* **DATA FOR THIS TASK**:
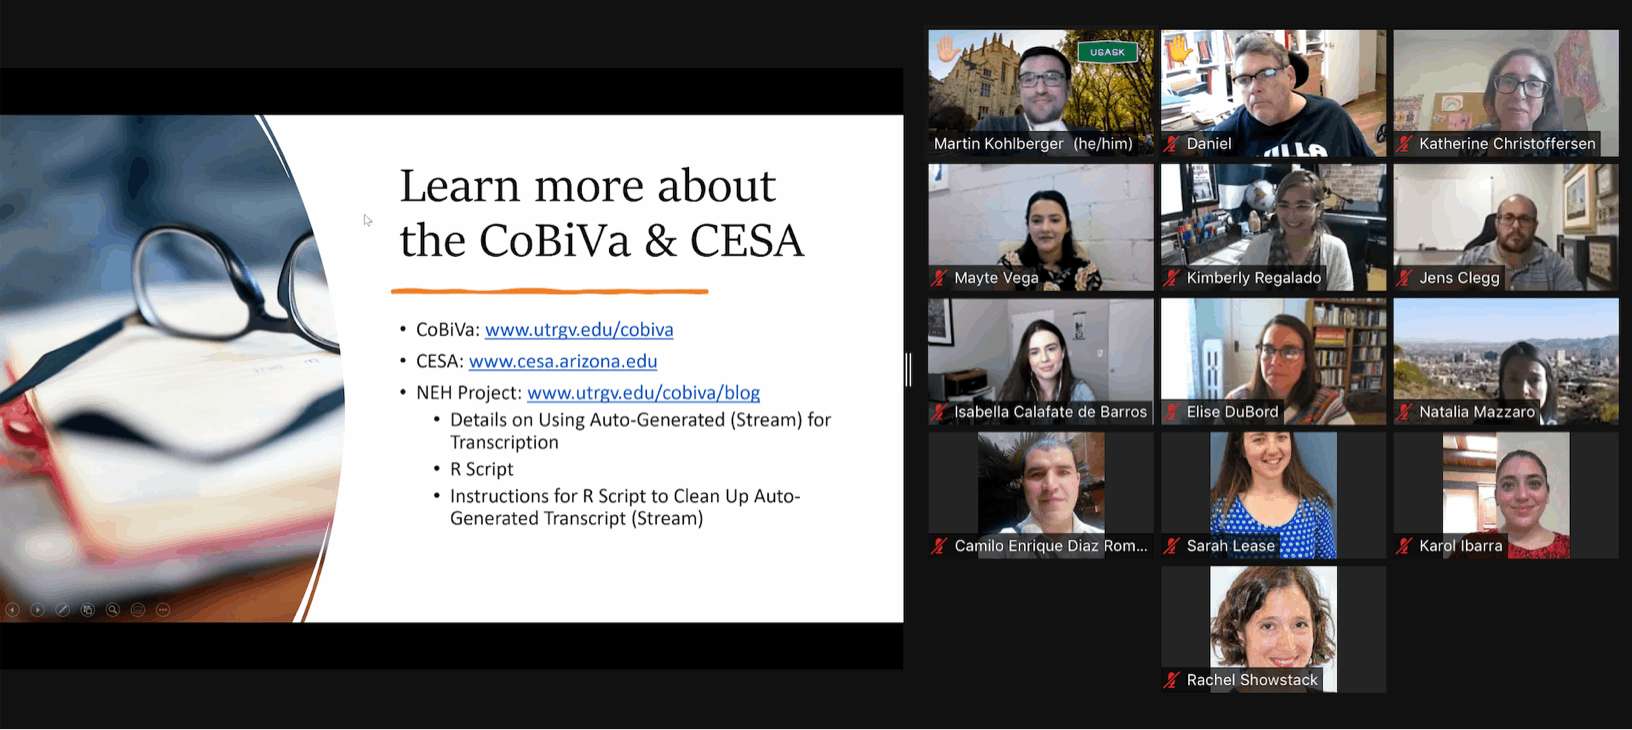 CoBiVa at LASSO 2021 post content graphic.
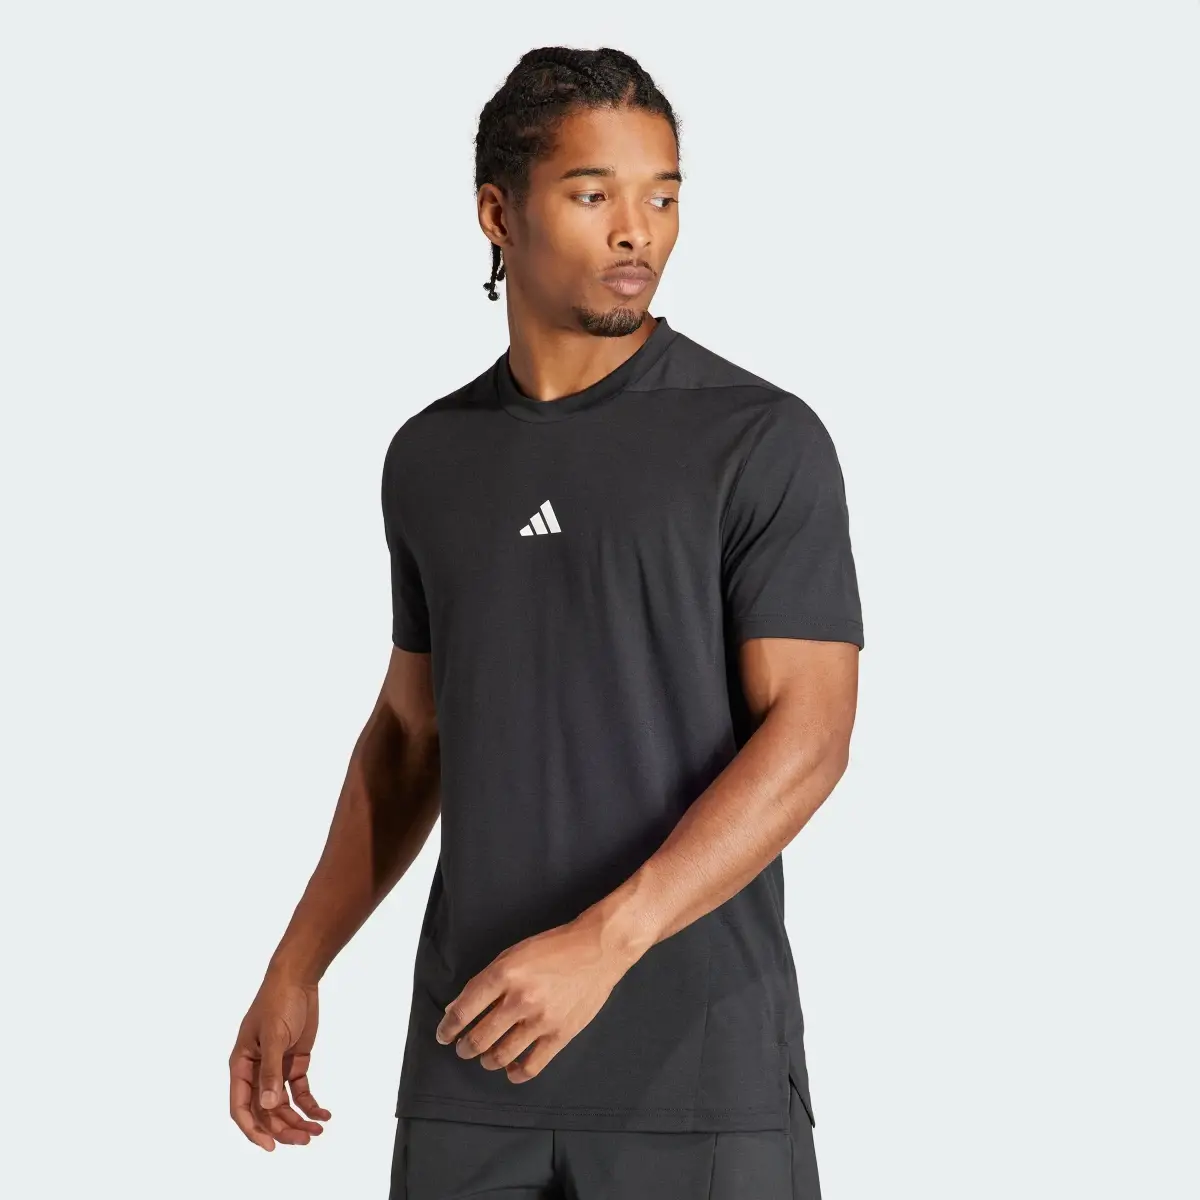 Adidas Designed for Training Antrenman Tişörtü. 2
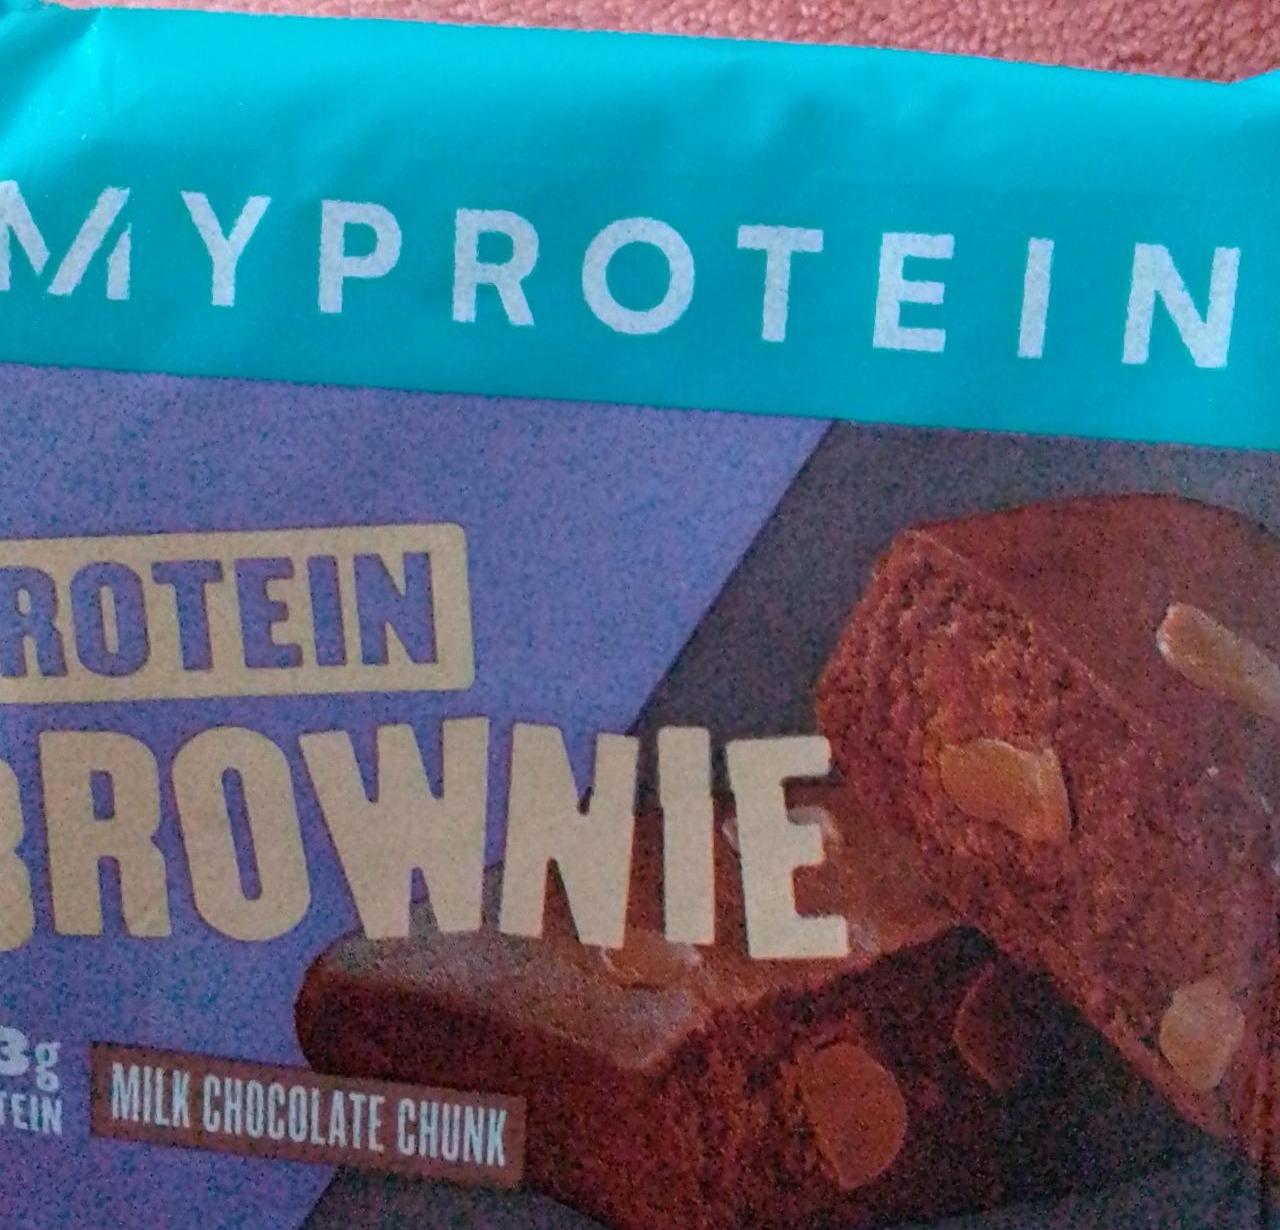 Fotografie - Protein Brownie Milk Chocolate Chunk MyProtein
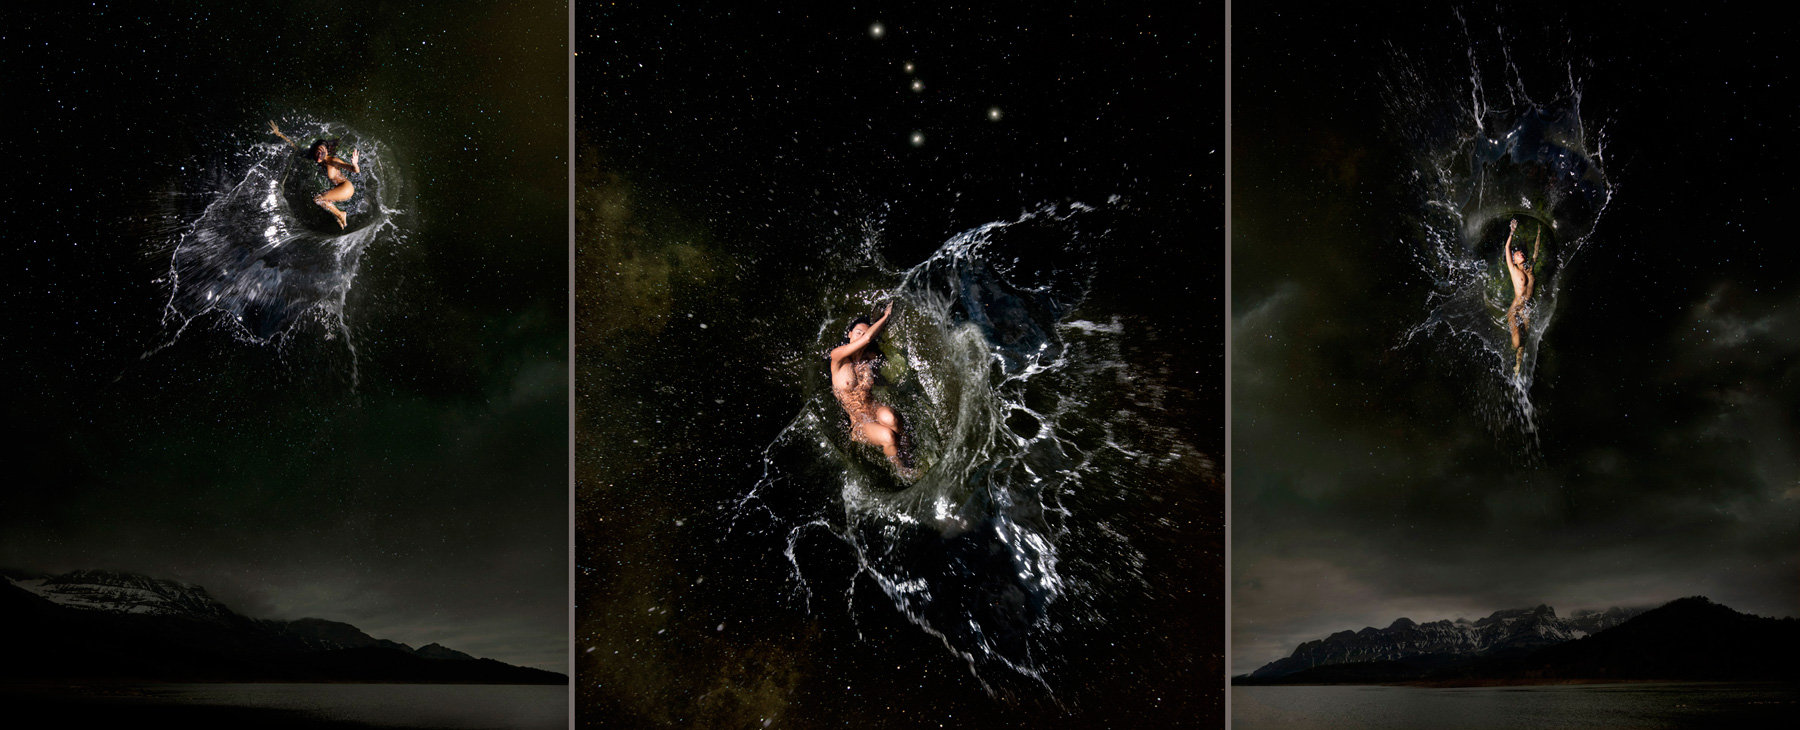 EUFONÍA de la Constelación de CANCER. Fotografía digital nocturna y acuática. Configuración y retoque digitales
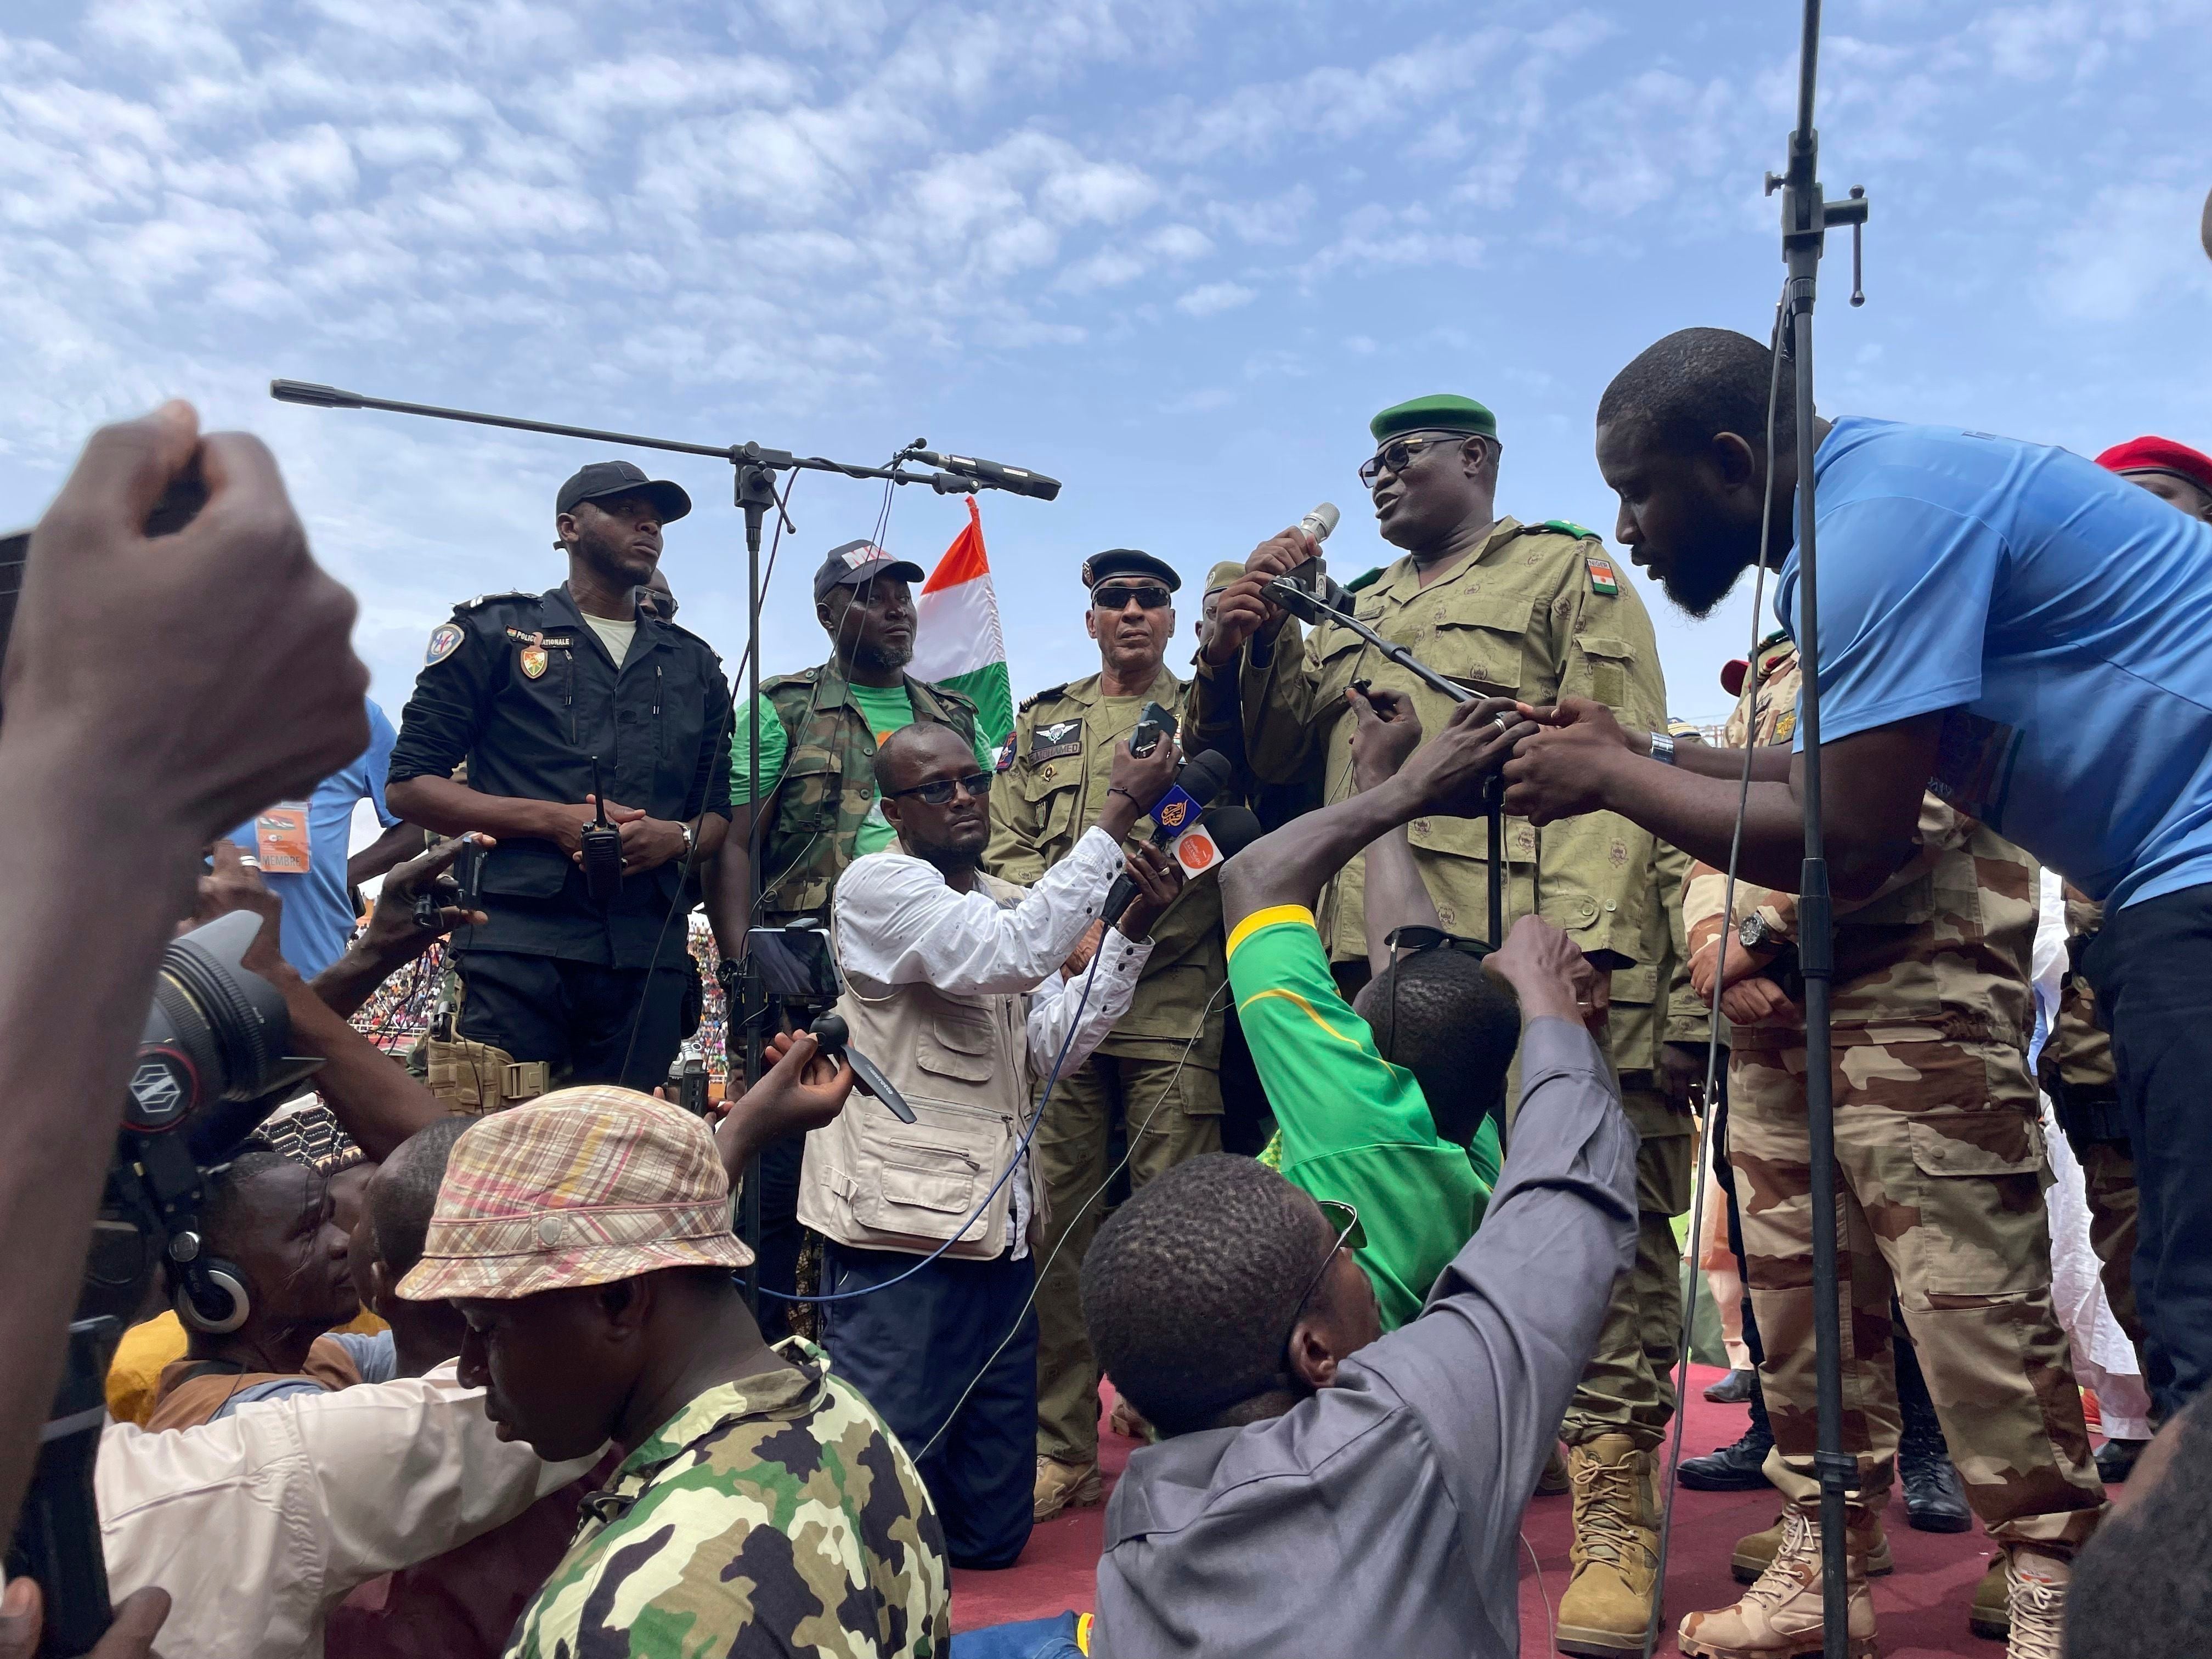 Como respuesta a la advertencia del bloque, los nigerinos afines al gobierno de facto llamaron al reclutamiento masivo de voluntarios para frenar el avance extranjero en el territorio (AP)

* **EXERCISE REQUIREMENTS**: The answer should consist only of the lines from the one with "Adidas Designed for" through the last line of the material above, copied exactly, with no pictures.

* **RESPONSE AREA**:
 Adidas Designed for Training Antrenman Tişörtü. 2
 Fotografie - Protein Brownie Milk Chocolate Chunk MyProtein
 EUFONÍA de la Constelación de CANCER. Fotografía digital nocturna y acuática. Configuración y retoque digitales
 Como respuesta a la advertencia del bloque, los nigerinos afines al gobierno de facto llamaron al reclutamiento masivo de voluntarios para frenar el avance extranjero en el territorio (AP)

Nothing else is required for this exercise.